- Opening Delimiter -

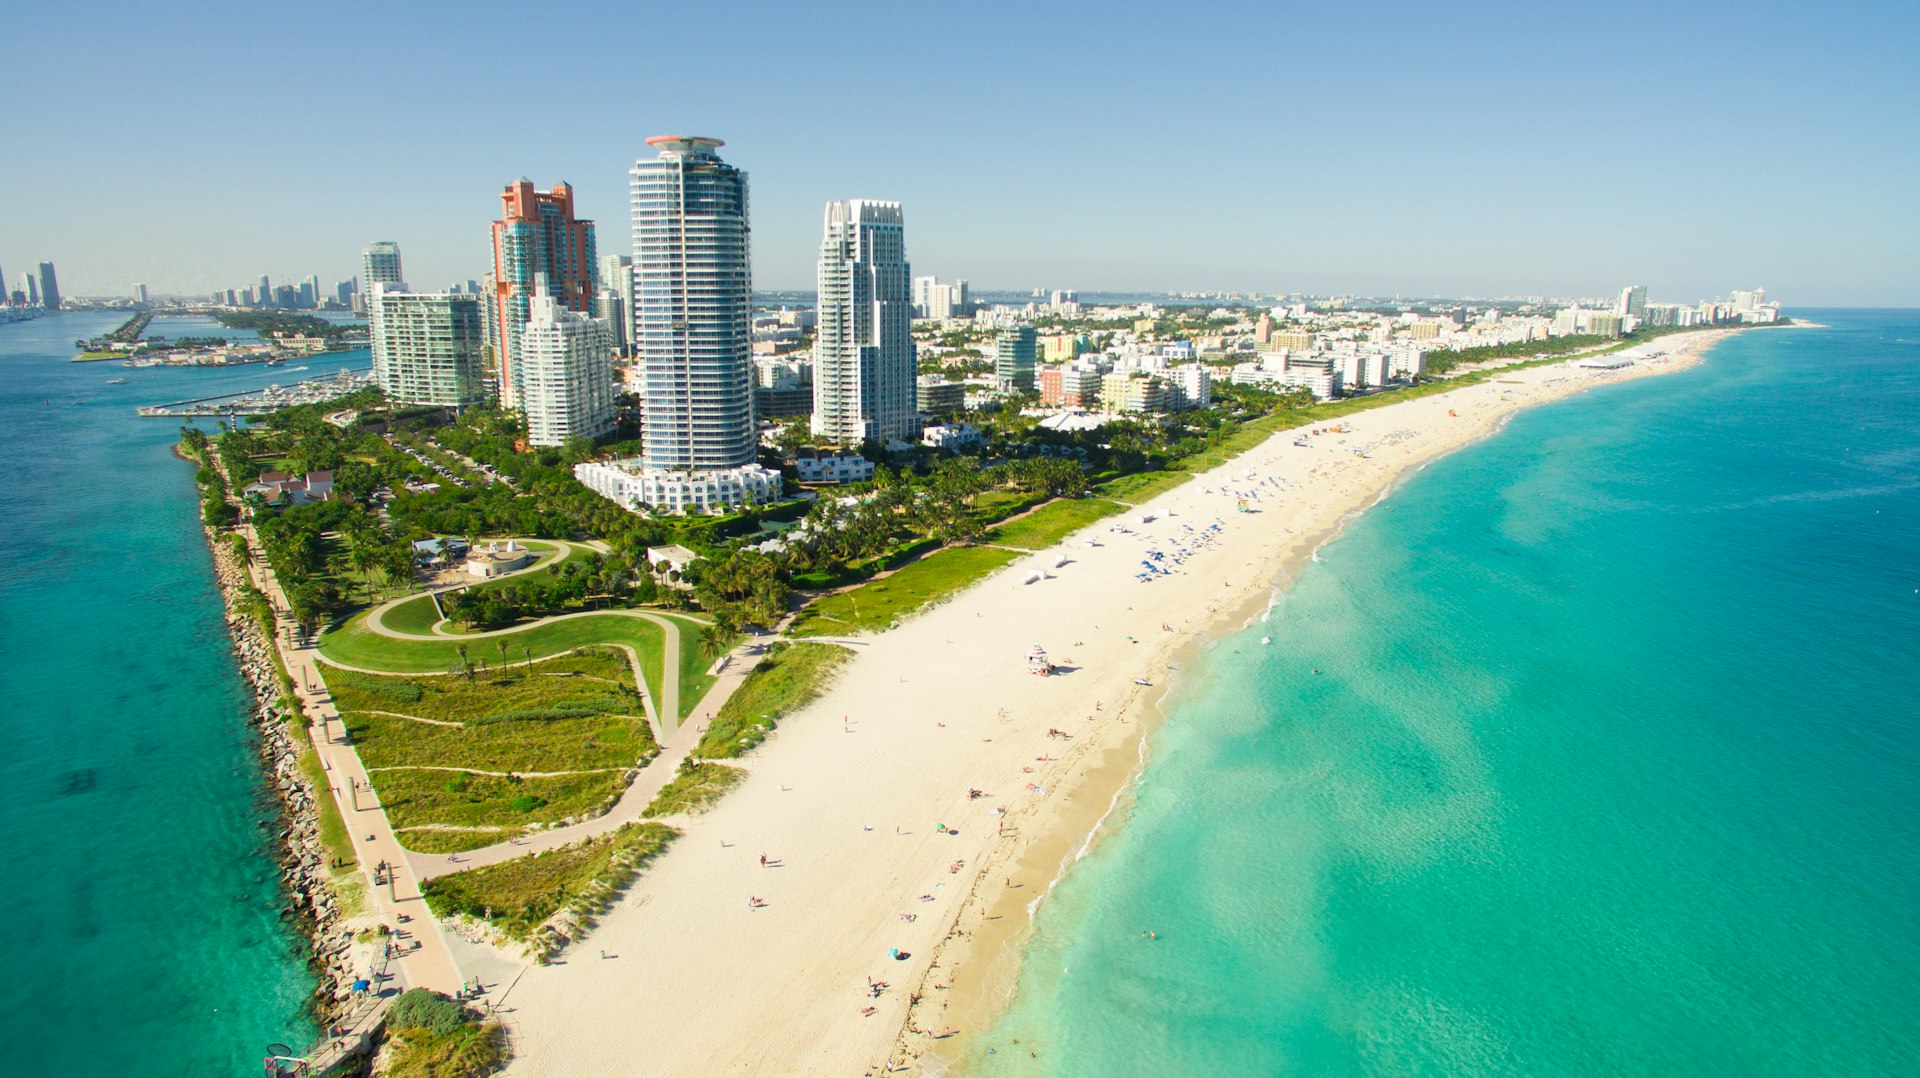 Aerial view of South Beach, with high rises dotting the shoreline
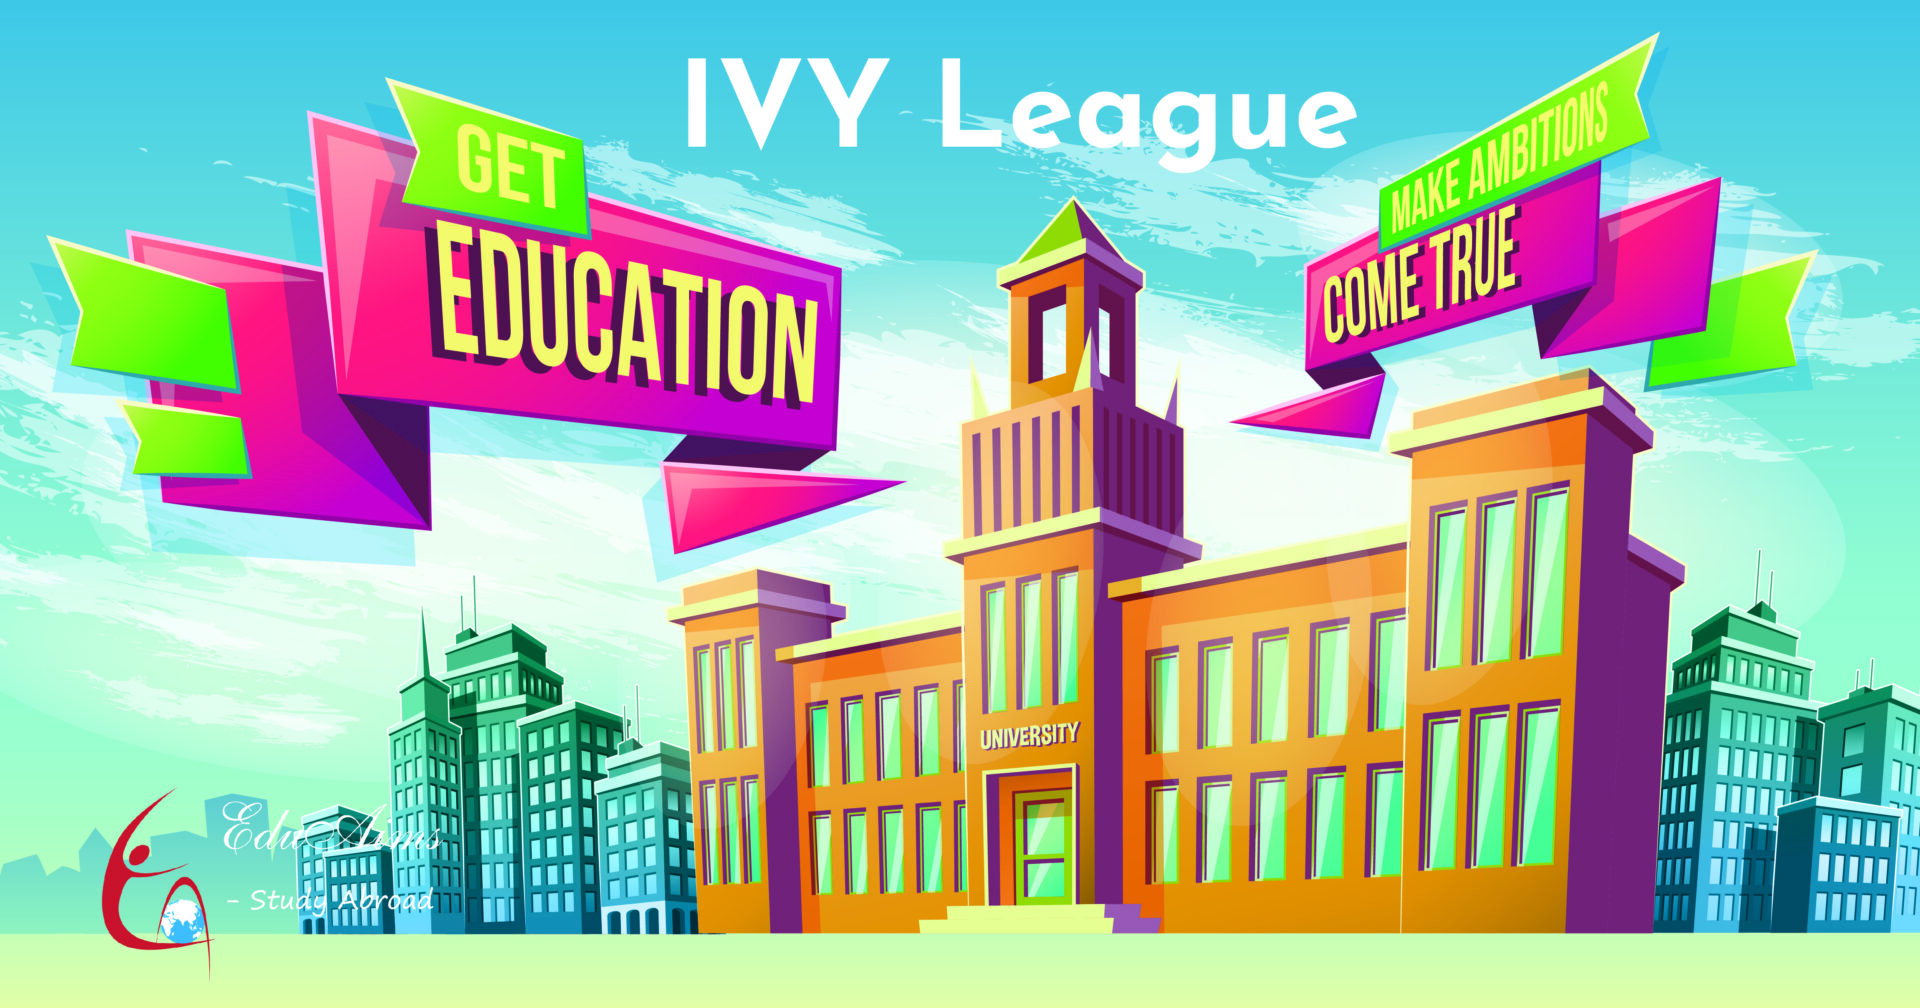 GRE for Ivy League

- Closing Delimiter -
- Opening Delimiter -

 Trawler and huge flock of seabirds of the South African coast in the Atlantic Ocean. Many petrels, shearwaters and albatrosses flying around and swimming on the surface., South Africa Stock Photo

- Closing Delimiter -
- Opening Delimiter -

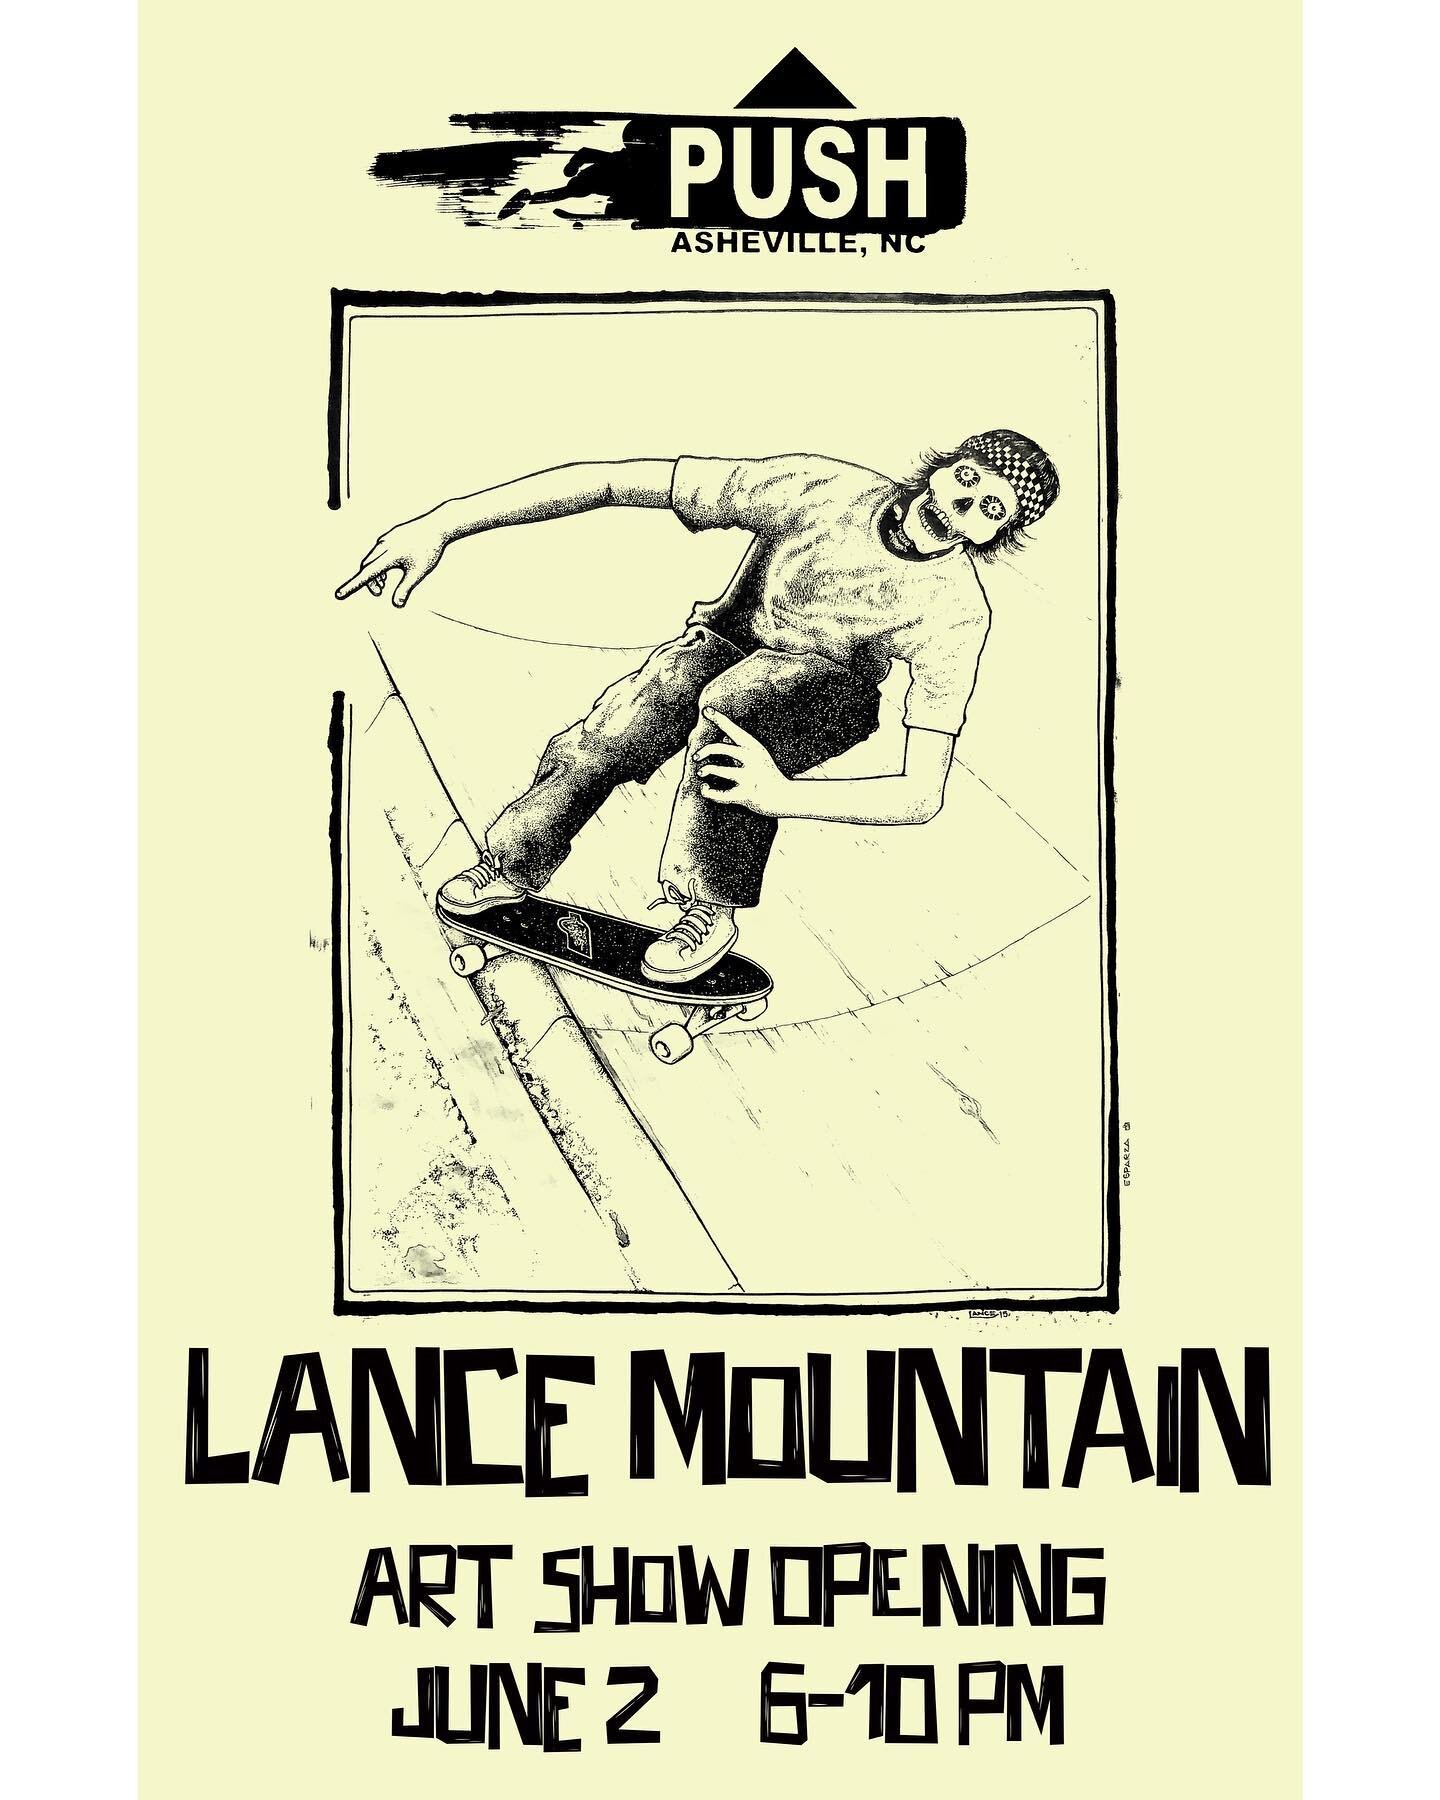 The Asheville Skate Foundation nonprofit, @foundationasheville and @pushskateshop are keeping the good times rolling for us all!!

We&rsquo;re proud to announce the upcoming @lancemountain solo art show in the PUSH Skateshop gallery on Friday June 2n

- Closing Delimiter -

ASSIGNED TASK: Pictures in the material above should be skipped; print exactly the lines from the one with "Aerial view of" through the one with "GRE for Ivy League".

TASK OUTPUT:
 Aerial view of South Beach, with high rises dotting the shoreline
 GRE for Ivy League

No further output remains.